15th november 2022
Dear Ayline,
I love your description of ‘air' and our relationship to it, I can see how it is comforting to envisage the world like this, it makes everything tangible.
The spaces between fullness can be the most powerful of spaces. I’m always conscious of allowing the viewer to have an element of freedom within the artwork, the empty spaces allow the viewer to observe. Journeying through the artwork or finding a place to rest in the space is necessary to fully engage with the piece and with nature. The fullness comes when the viewer is enveloped in the artwork, they complete the space. I play with the physical relationship between the viewer and the material. It is interesting to consider the voids binding everything together with the invisible element ‘air’. I believe that this space is spiritual.

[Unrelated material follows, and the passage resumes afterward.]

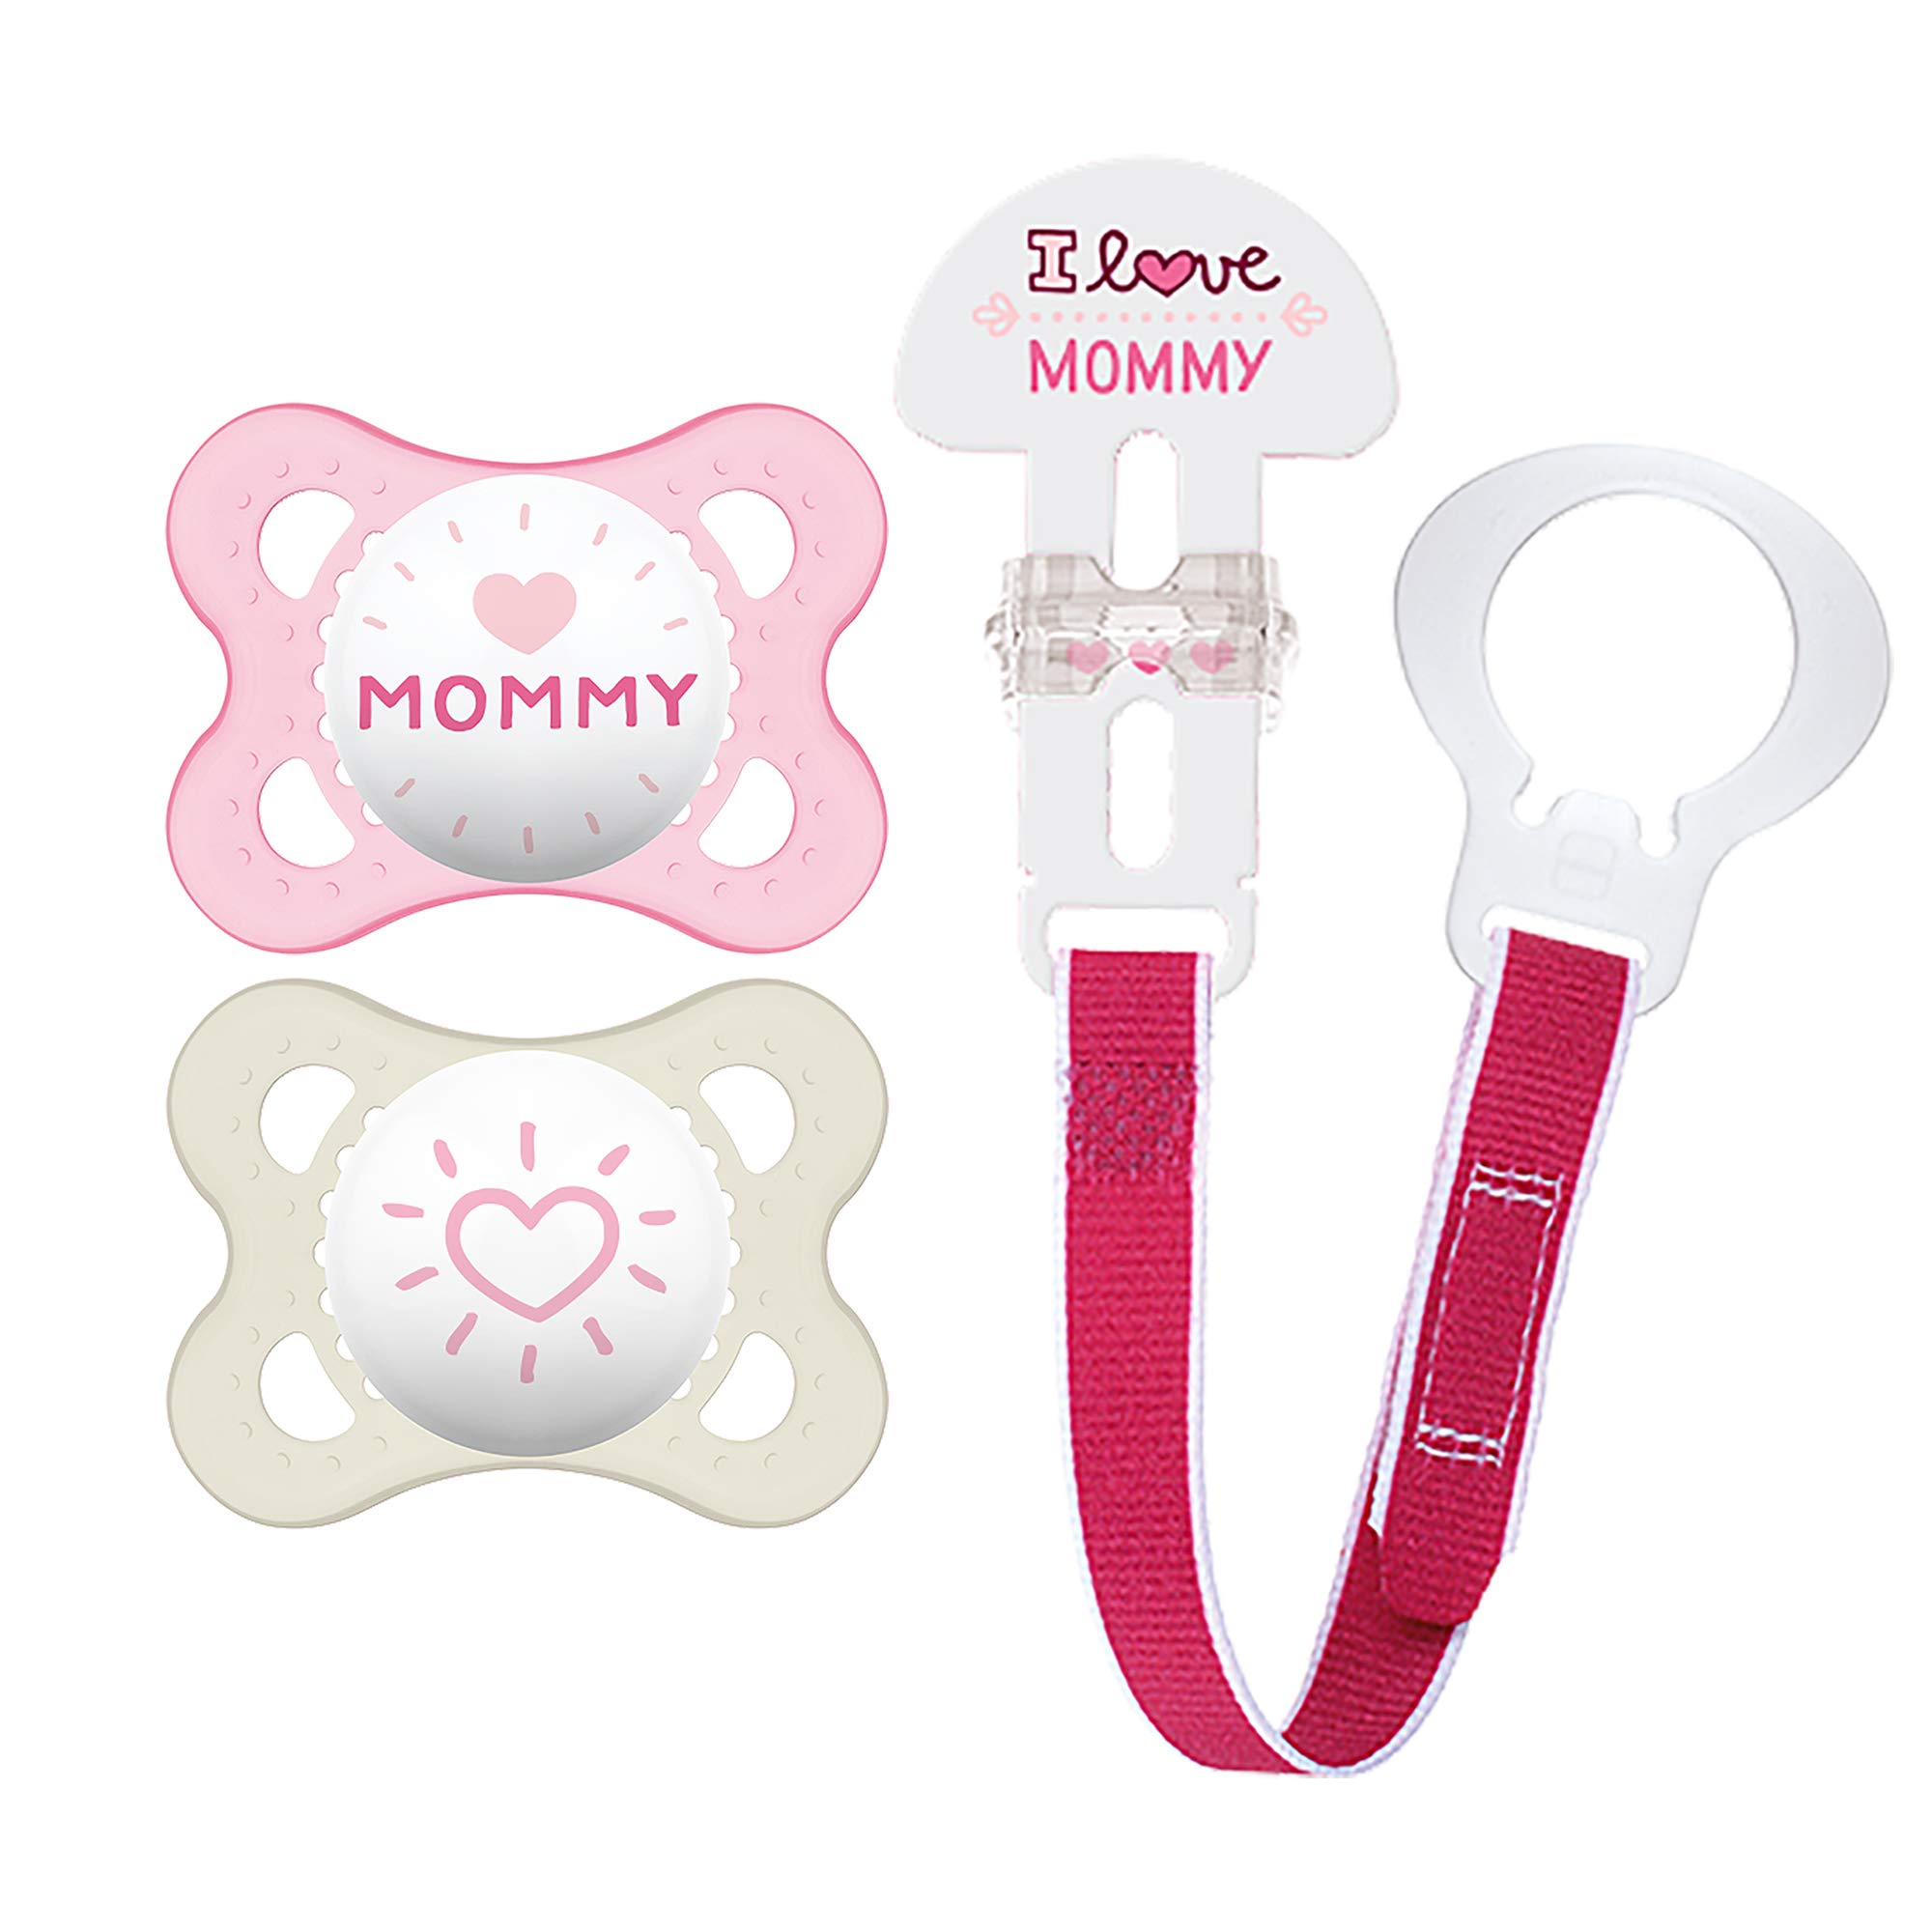 Book Cover MAM Original Value Pack Baby Pacifier, Nipple Shape Helps Promote Healthy Oral Development, Universal Pacifier Clip, 2 Pacifiers + 1 Pacifier Clip, 0-6 Months, Love & Affection/Girl 'I Love Mommy' Girl 2 Pacifiers + Clip

I’ve been thinking about how incredible it is to have an exhibition with a focus on femininity. I look back over history and I see all of the women who have sacrificed for us to have this place in time. Women communicating in art with integrity have laid our foundation. I have felt a freedom to push boundaries and explore subjects deeply, recently I have been studying my relationship with nature as a woman, we physically adapt and change many times within our life time, sometimes these changes are a shock and we need to reset to survive. Many women experience many levels of natural change and I believe we become experts in holding our physical self lightly as well as carrying the burden of past pains. Our identity and power changes over time and this can also be entwined with levels of violence and abuse through objectification. I believe we are all beautiful at every stage of life, like I believe a flower is beautiful at every stage.
I love your meditations with your skin and I love the idea of you studying this into old age.
Do you have thoughts on what it is to be a woman communicating in the art world today?